● **What you have to do**
Set down each line of the data exactly, but not the pictures.

● **Raw data**
== Segment start ==

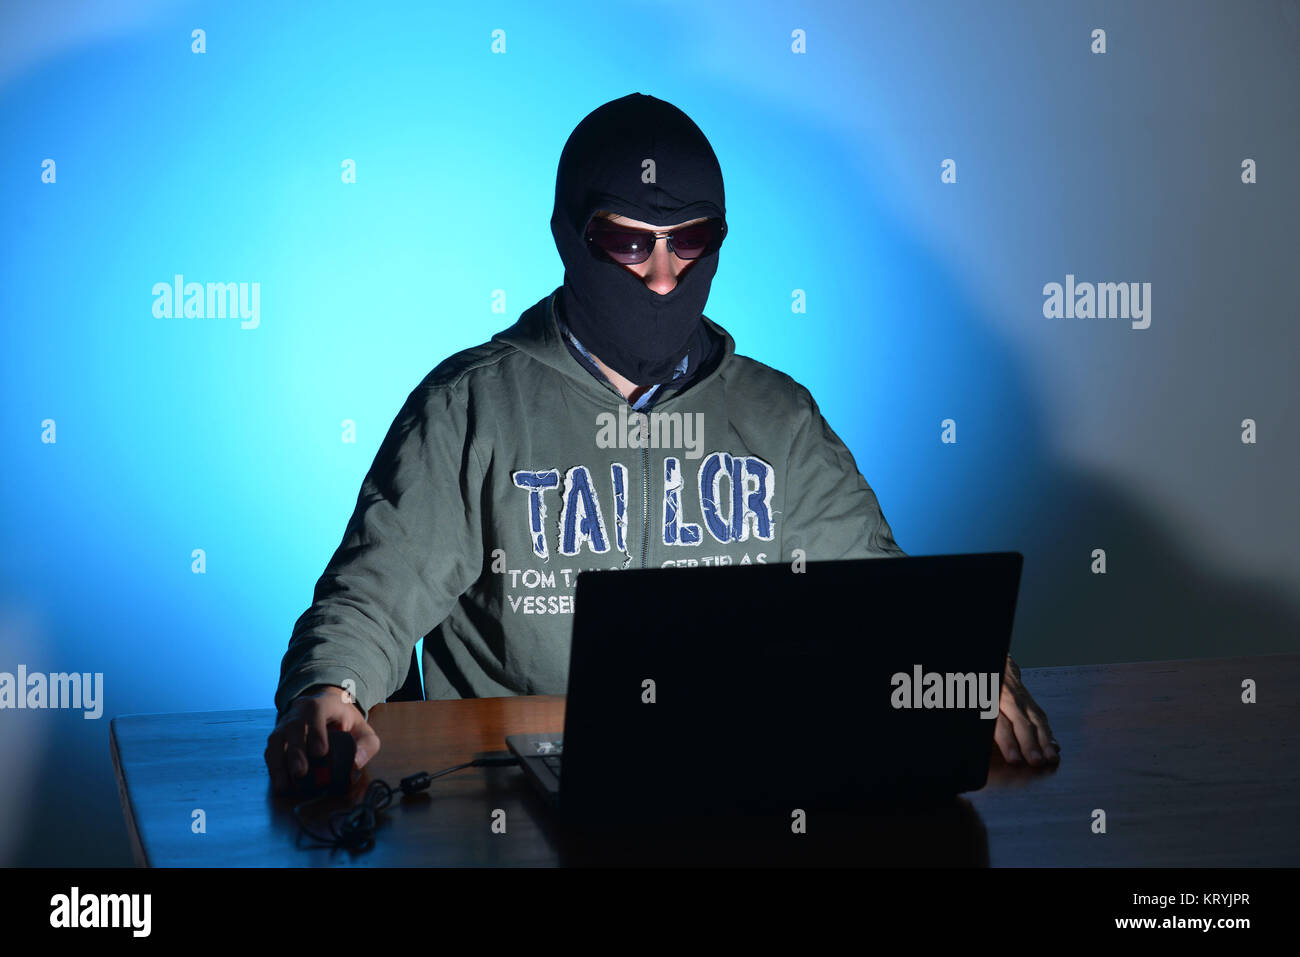 Foto simbolico Internet attività criminali, Symbolfoto Internetkriminalitaet Foto Stock
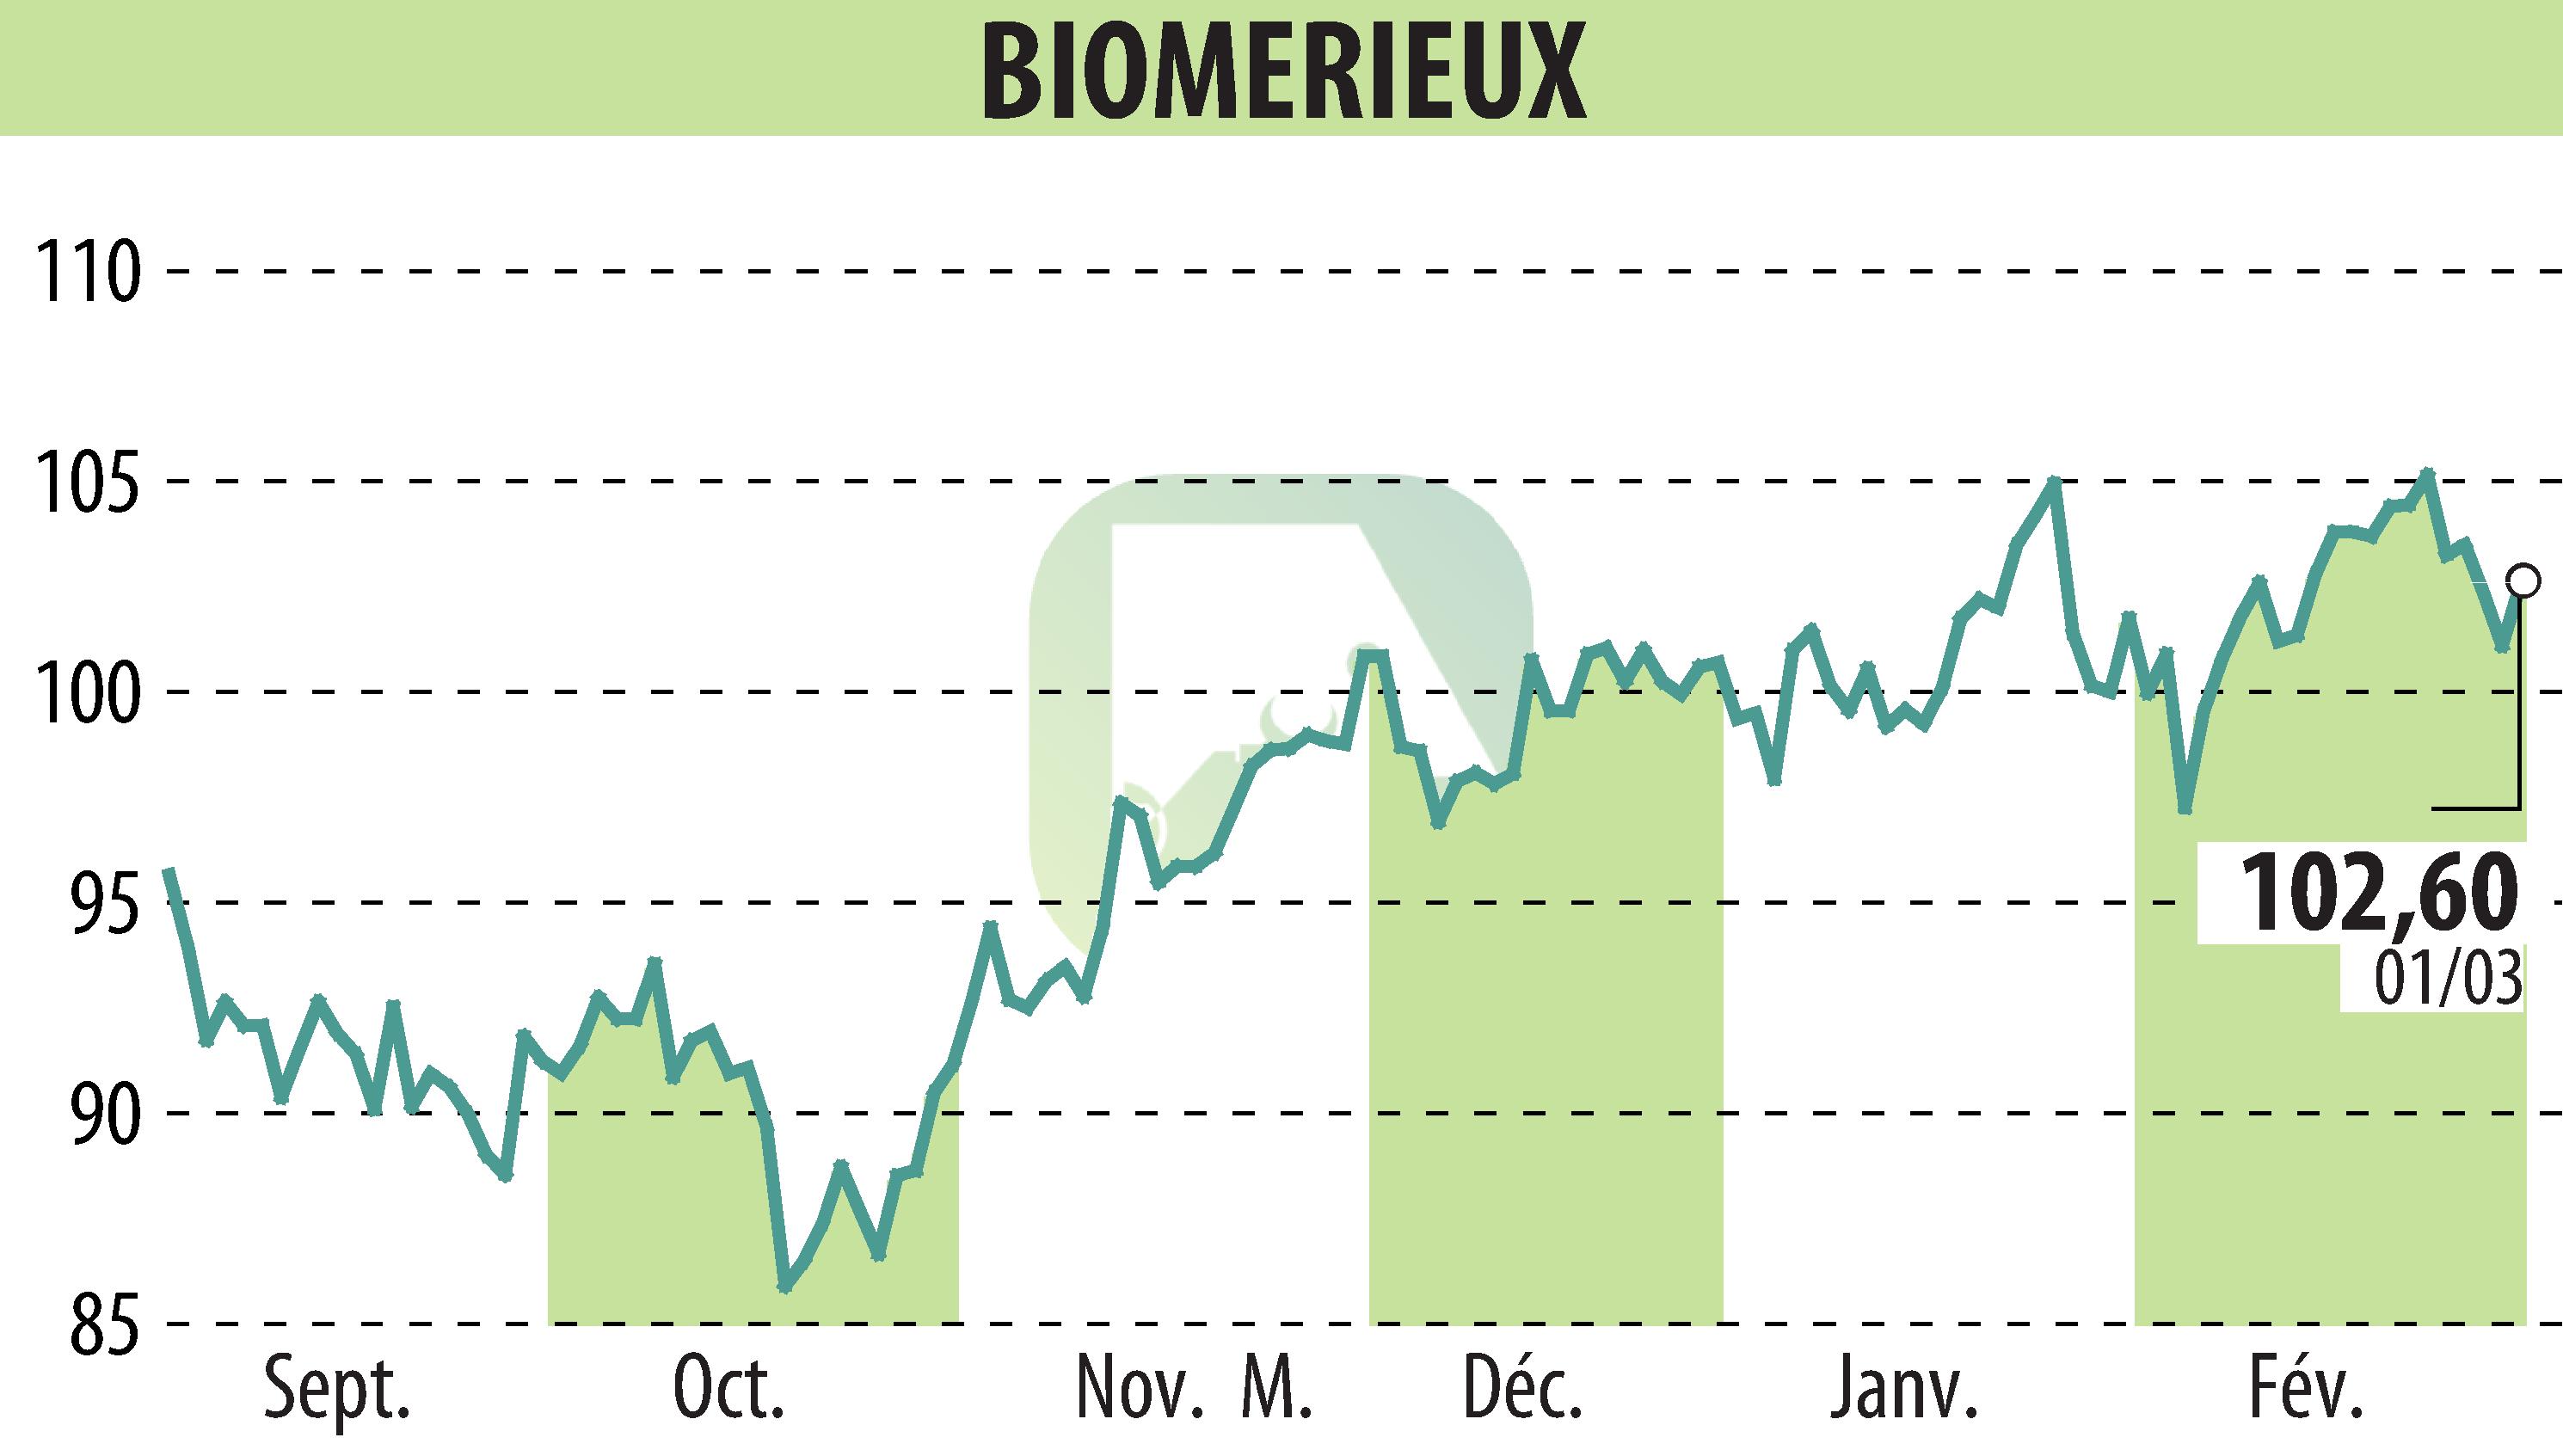 Stock price chart of BIOMERIEUX (EPA:BIM) showing fluctuations
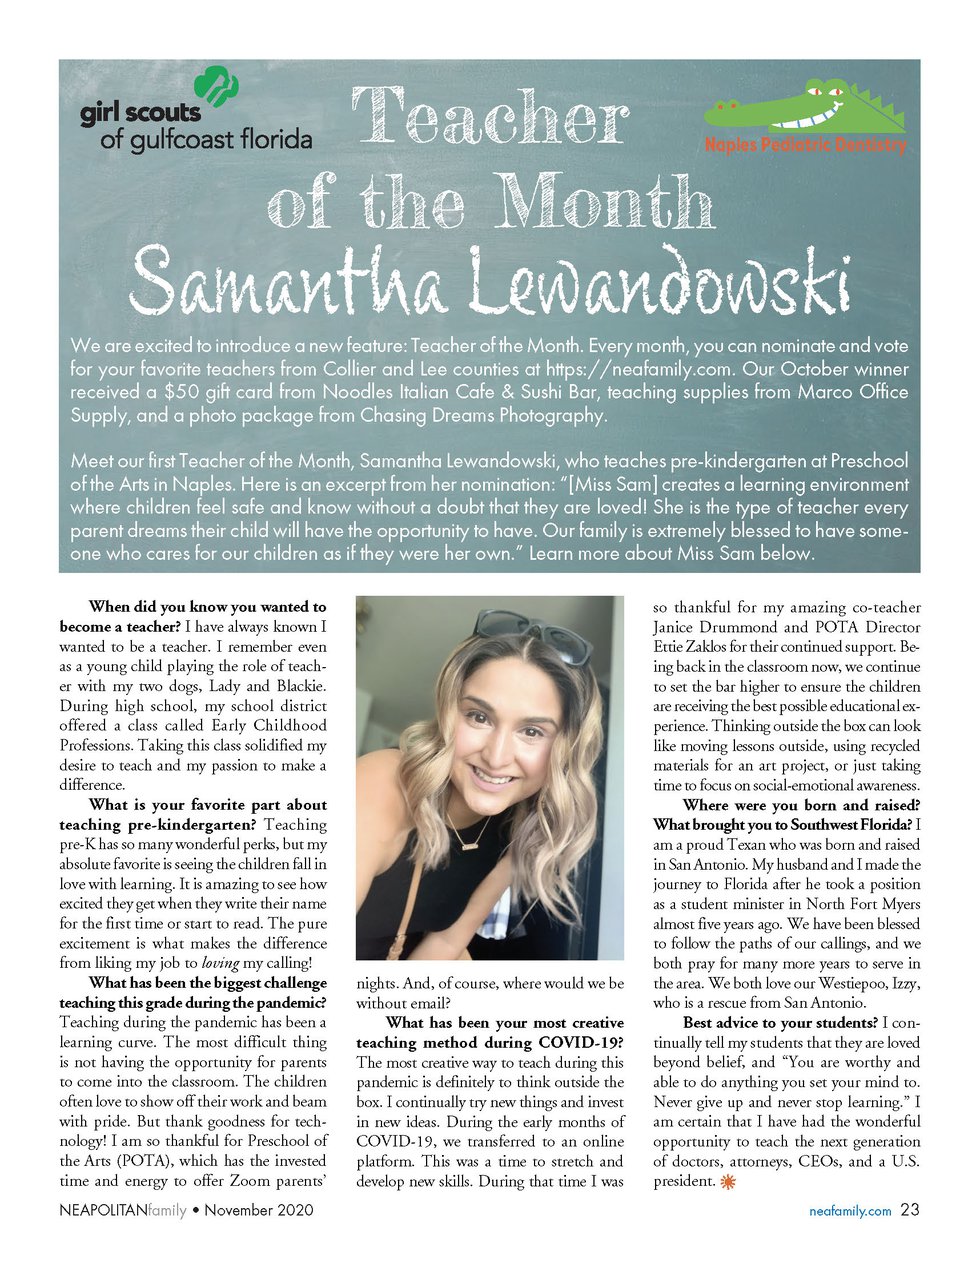 Teacher of the Month: Samantha Lewandowski

== Segment end ==

● **The answer**
 Foto simbolico Internet attività criminali, Symbolfoto Internetkriminalitaet Foto Stock
 Stock price chart of BIOMERIEUX (EPA:BIM) showing fluctuations
 Teacher of the Month: Samantha Lewandowski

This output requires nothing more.